Formula used: In this solution we will be using the following formulae;
\[{a_c} = {\dot \theta ^2}R\] where \[{a_c}\] is the centripetal acceleration of a body circulating about a point, \[\dot \theta \] is the angular velocity of the body, and \[R\] is the radius of the circular path.
\[{a_t} = \ddot \theta R\] where \[{a_t}\] is the tangential or transverse acceleration of a circulating body, and \[\ddot \theta \] is the angular acceleration of the body.
\[F = ma\] where \[F\] is force exerted on a body, \[m\] is mass, and \[a\] acceleration of a body

Complete Step-by-Step solution:
To find the centripetal force, we shall first calculate the centripetal acceleration of the ball, at the given instant.
The centripetal acceleration can be given by
\[{a_c} = {\dot \theta ^2}R\] where \[\dot \theta \] is the angular velocity and \[R\] is the radius of the circle
Hence, by inserting known values, we have
\[{a_c} = {6^2}\left( {1.2} \right)\] (since 120 cm is \[1.2m\])
\[ \Rightarrow {a_c} = 43.2m/{s^2}\]
Hence, from newton’s second law, the centripetal force can be given as
\[F = m{a_c}\]where\[m\] is the mass of the body, hence for our ball, we have
\[F = \left( {2 \times 43.2} \right) = 86.4N\]
For the transverse force, we calculate the tangential acceleration which can be given by
\[{a_t} = \ddot \theta R\]where\[\ddot \theta \] is the angular acceleration of the body.
Inserting values from question, we have
\[{a_t} = \left( {66} \right)1.2 = 79.2m/{s^2}\]
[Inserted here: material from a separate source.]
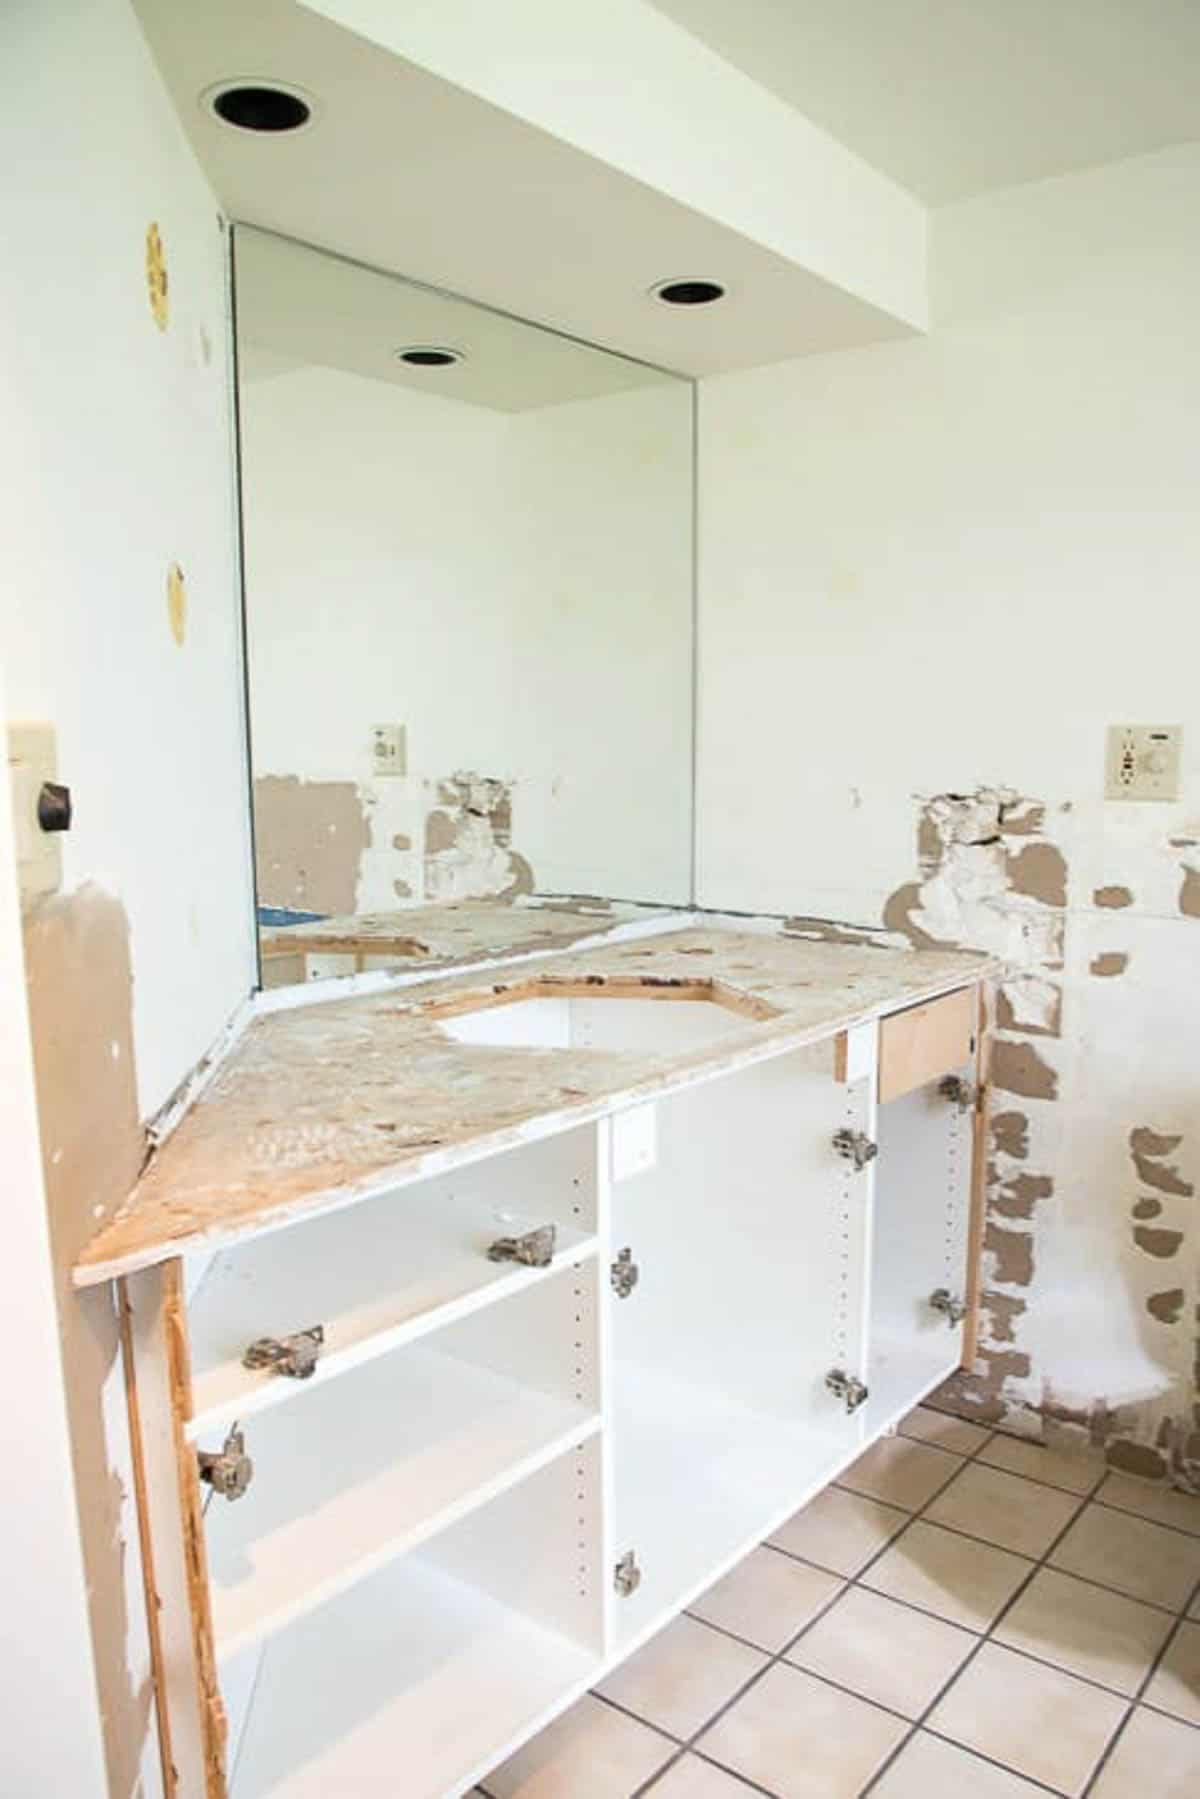 bathroom vanity with tile and doors removed

Then the transverse force on the ball will be
\[F = m{a_t} = 2 \times 79.2\]
\[ \Rightarrow F = 158.4N\]
For part b)
The force exerted by the arm OC is transverse, and the force by DE is radial.

Note: for clarity, the force exerted by the arm OC is transverse because this is the part which hits the ball in linear motion, while the arm DE prevents it from going in linear motion but keeping around a circular path in the shape of itself.